Is Failure An Option?
Tuesday, September 13, 2011
I've recently returned to being active here on SP after a summer of just popping in on ocassion due to a number of things - it started with computer problems and then life simply got way too busy, or so I thought at least. Being without a computer for several weeks and forced to be off-line was a mixed blessing. I accomplished a lot of "real-life" stuff that I'd been neglecting (yep, things like cleaning my house, lol) and spent a lot more time outdoors. I read a lot more books than I usually do, and spent more time with my husband. It was good for me in so many ways. But of course, there was a downside...I wasn't logging in here and staying accountable and I'd had to drop out of the team challenges that were helping me to stay on track with my eating and exercise. I did okay for the first month or so, but then I started eating more, or at least not being as careful of WHAT I ate. I eventually stopped walking as often and as far. And the pounds very slowly started to re-appear. Thankfully, the ONE habit I'm fanatical about is weighing myself every morning and I quickly realized I had some serious choices to make.
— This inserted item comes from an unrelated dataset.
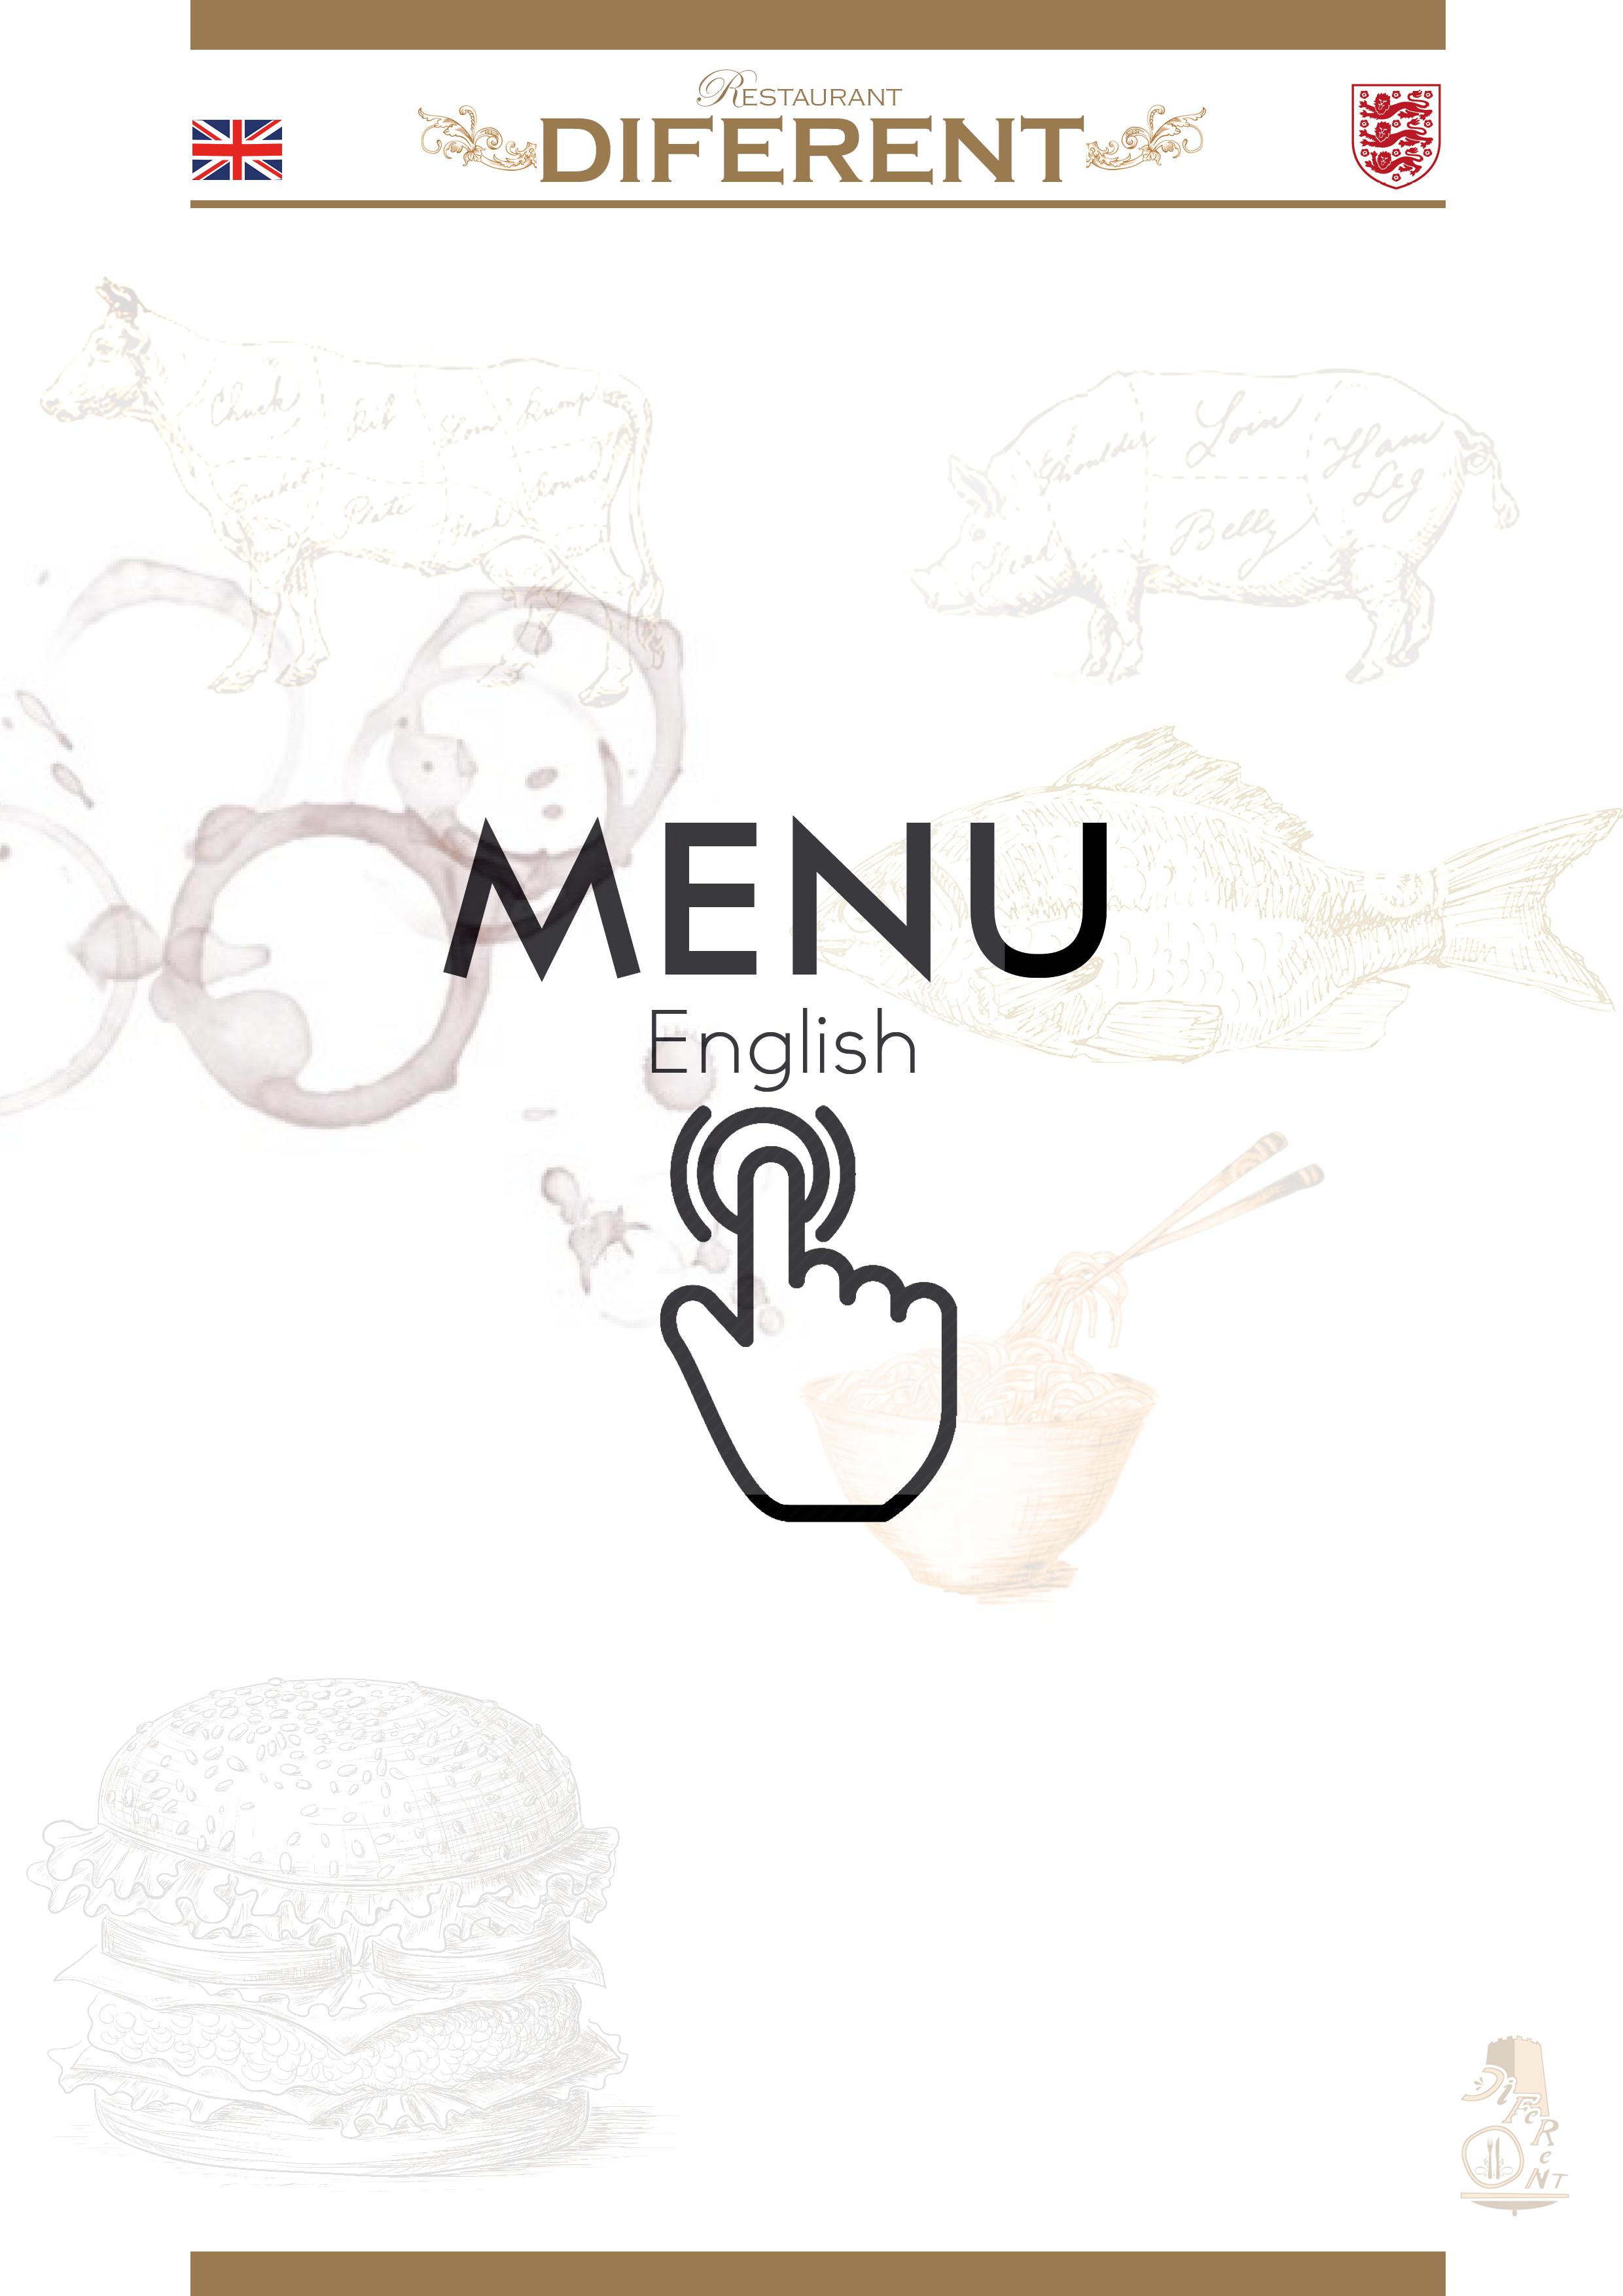 diferent_menu_EN_no_prices

Did I really want to lose the rest of the weight I'd vowed to get rid of - or was I going to just go back to the way I'd lived my life for years and years - eating whatever I'd wanted and being happy to say "my weight doesn't matter" or "my husband loves me no matter what" or "God looks at the inside, not at my weight"?? Did I mean what I said when I picked my user name here of "neverornow"? Was I ready to just give up and be obese the rest of my life, taking my chances on becoming diabetic, having heart problems, and so on? Did I WANT to be thin and fit or NOT??
I turned 62 this week and it truly is a matter of now or never, just as it was when I joined SP not quite a year ago. I've spent too much of my life just "going with the flow", trying to please others, not taking care of my own needs.
I DO need to balance my time here at SP with other things that also matter, but that's a struggle we all face at one time or another, isn't it? If there's one thing I've learned the past few months, it's that being active here on SP is important to my physical and mental well-being. And it IS a priority because if I don't take care of ME, I won't be of much good to anyone else, either. Thankfully, my husband is very supportive of my weightloss and fitness efforts.
Failure is NOT an option, and it never will be again. I've lost over 50 lbs and I feel better than I have in years and I know that I'll feel even healthier after I lose another 35 or so.